Fig. 2 shows the structured flowchart according to Chinese input unit of the present invention.As shown in Figure 2, Chinese input unit of the present invention includes:
Input media 10, input media 10 is generally keyboard, and this keyboard can be the western language keyboard of standard, also can be the keyboard that only comprises numerical key and some function keys;
Coding-Chinese character mapping library 20, this mapping library 20 has been stored the mapping relations of coding and Chinese character;
Search device 30, this device is used for realizing the function of the process flow diagram step S2 of Fig. 1, and its is searched from coding-Chinese character mapping library 20 and obtain the corresponding Chinese character collection according to the coding by input media 10 inputs;
Language model storehouse 40, this model bank comprise a frequency of utilization storehouse 41 and a group Word probability storehouse 42, and frequency of utilization storehouse 41 is used to store the frequency of utilization Uni (A) of each Chinese character, and group Word probability storehouse 42 is used to store the group Word probability Bi (A of a Chinese character and other Chinese character
i/ A
I-1), the probability (or possibility) of this Chinese character appears in promptly a certain Chinese character back;
DISPLAY ORDER arithmetic unit 50 is used for the fractional value of each Chinese character of computing Chinese Character Set, and its compute mode is according to above-mentioned formula (1), then, serves as that order sorts with the size of the fractional value of described Chinese character, display device 60 outputs rearwards;
Display device 60 is used to show the Chinese character of described DISPLAY ORDER arithmetic unit 50 outputs, and an example of the display mode of display device 60 as shown in Figure 3.In this example, be as Chinese character input method of the present invention with five stroke Chinese character codings, be that five numerals of digital 1-5 are adopted in encode Chinese characters for computer, correspond respectively to Chinese character horizontal, vertical, pluck, point, five kinds of strokes of folding, the first stroke stroke of the first representation Chinese character of user's input, second stroke of the described Chinese character of second representation, the 3rd stroke of the 3rd representation Chinese character, by that analogy.When first coding by the Chinese character of input media 10 input of user, for example when " 2 ", the demonstration of display device as shown in Figure 3, it puts in order according to the numerical values recited of each Chinese character, every screen shows 5 candidate Chinese characters.The numeral of each Chinese character front is the word selection numeral, uses when being used for selecting this Chinese character of input.For example, if the user will import " north " word, then key in " 7 " and can import this Chinese character " north " by input media 10.If the Chinese character of input does not appear in this screen demonstration, dual mode is arranged: a kind of is to show the second screen candidate Chinese character by turning over the screen function key, up to the Chinese character that occurs importing; Another kind is to continue second yard of input, for example will import " allusion quotation " word, then continues to key in " 5 " second coding of expression " allusion quotation ".Import the 3rd coding then, up to this Chinese character occurring.

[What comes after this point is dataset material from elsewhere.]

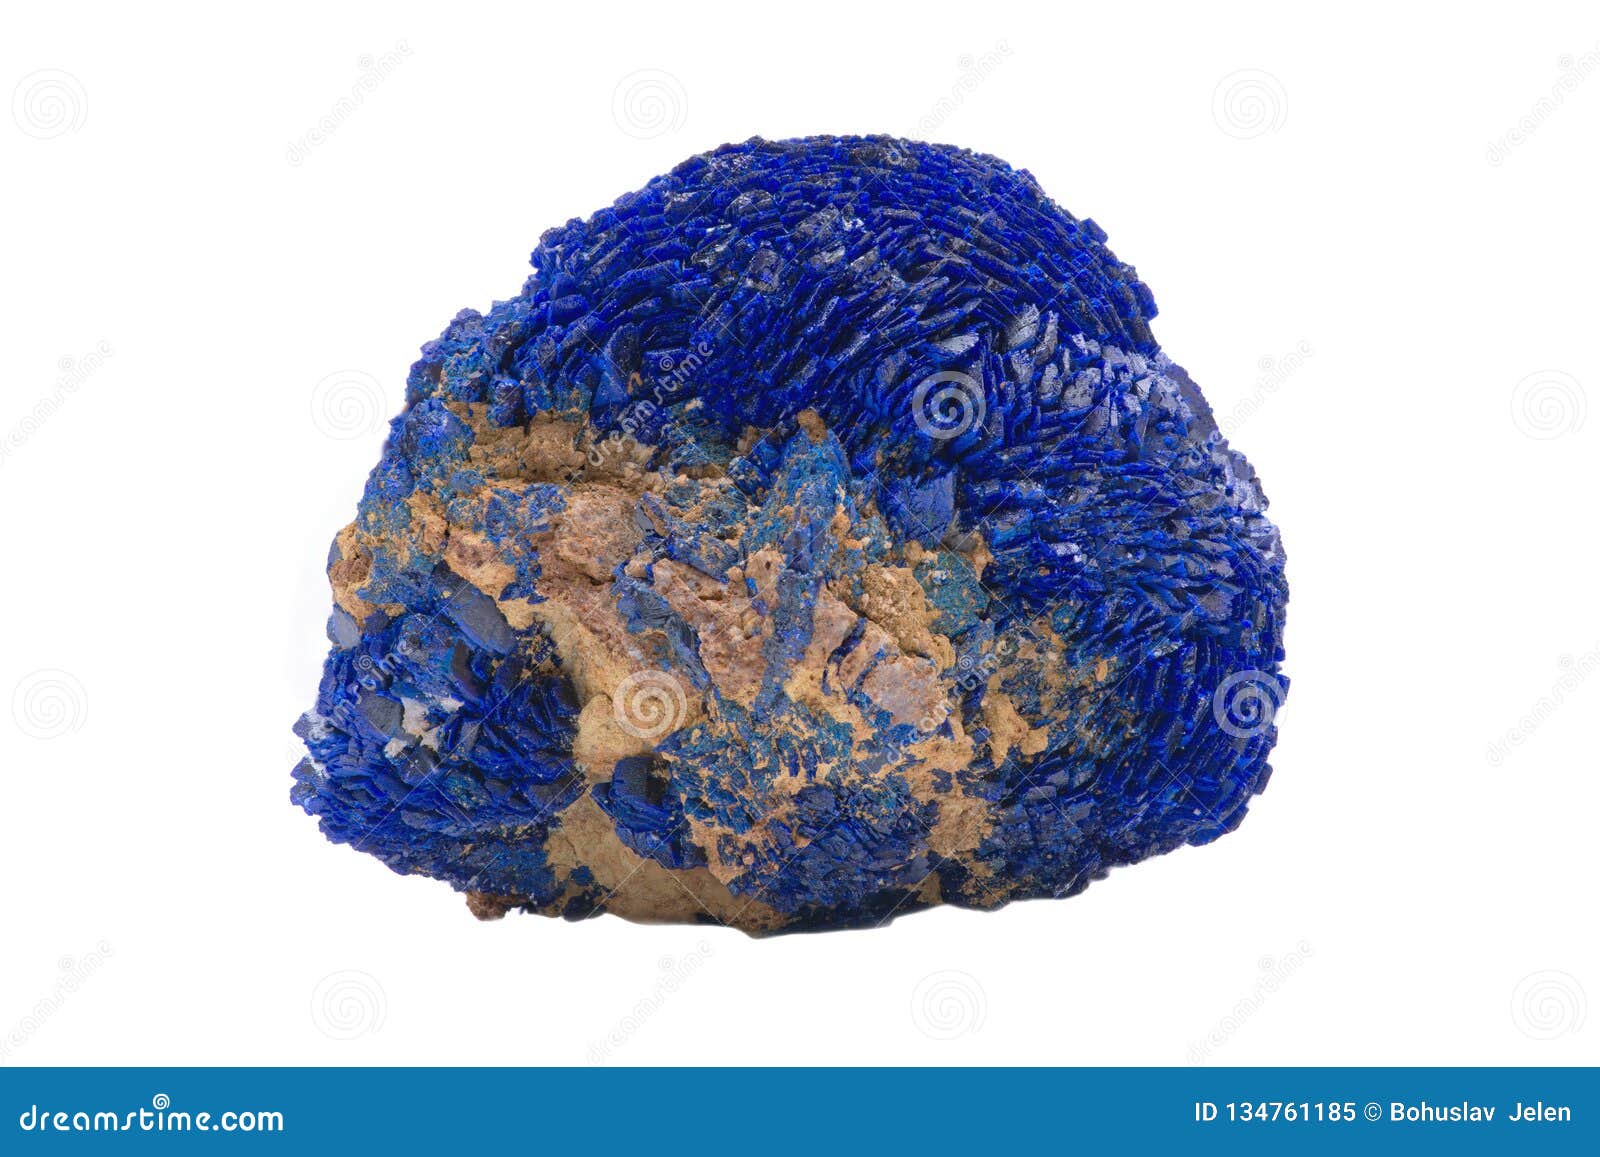 bright blue full azurite nodule from russia  on white
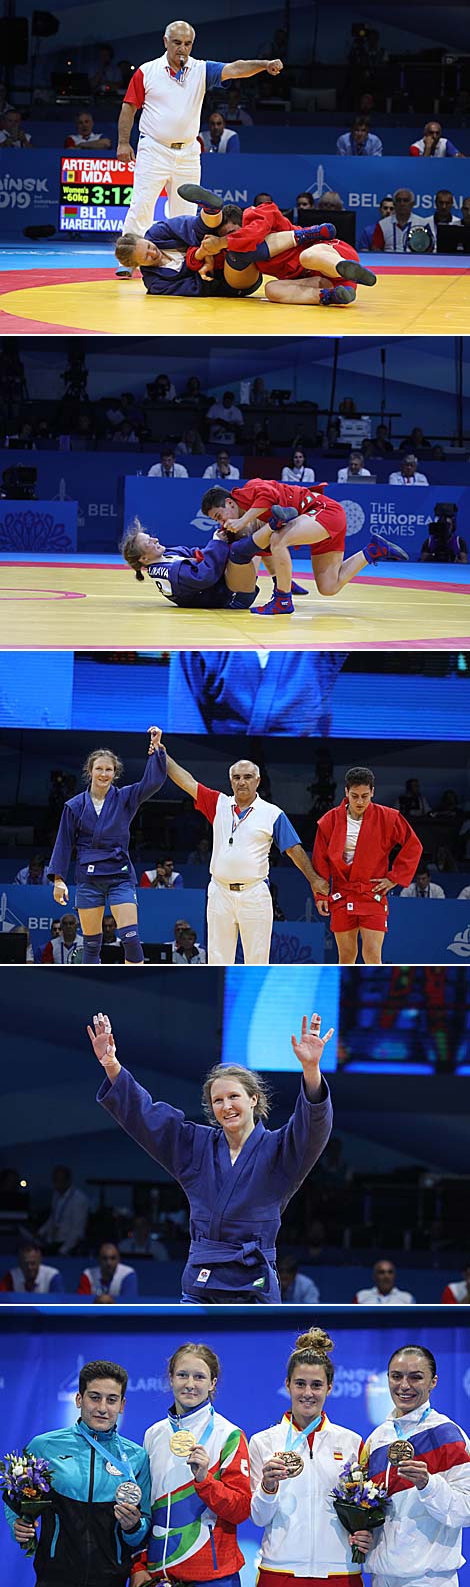 Belarus' wrestler Vera Harelikava clinches gold at 2nd European Games

Embodiments of the invention have been described above in detail and all sidedly, the those skilled in the art in present technique field should be appreciated that the mode that above-described Chinese character input method of the present invention and Chinese input unit can utilize software, hardware or hardware and hardware to combine realizes.Above-described embodiment just is used for helping to understand the present invention; it is not the restriction that constitutes protection scope of the present invention; various variations and change that design according to the present invention is done specific embodiments of the invention all should fall within the scope of the invention, and protection scope of the present invention should be limited by appended claims.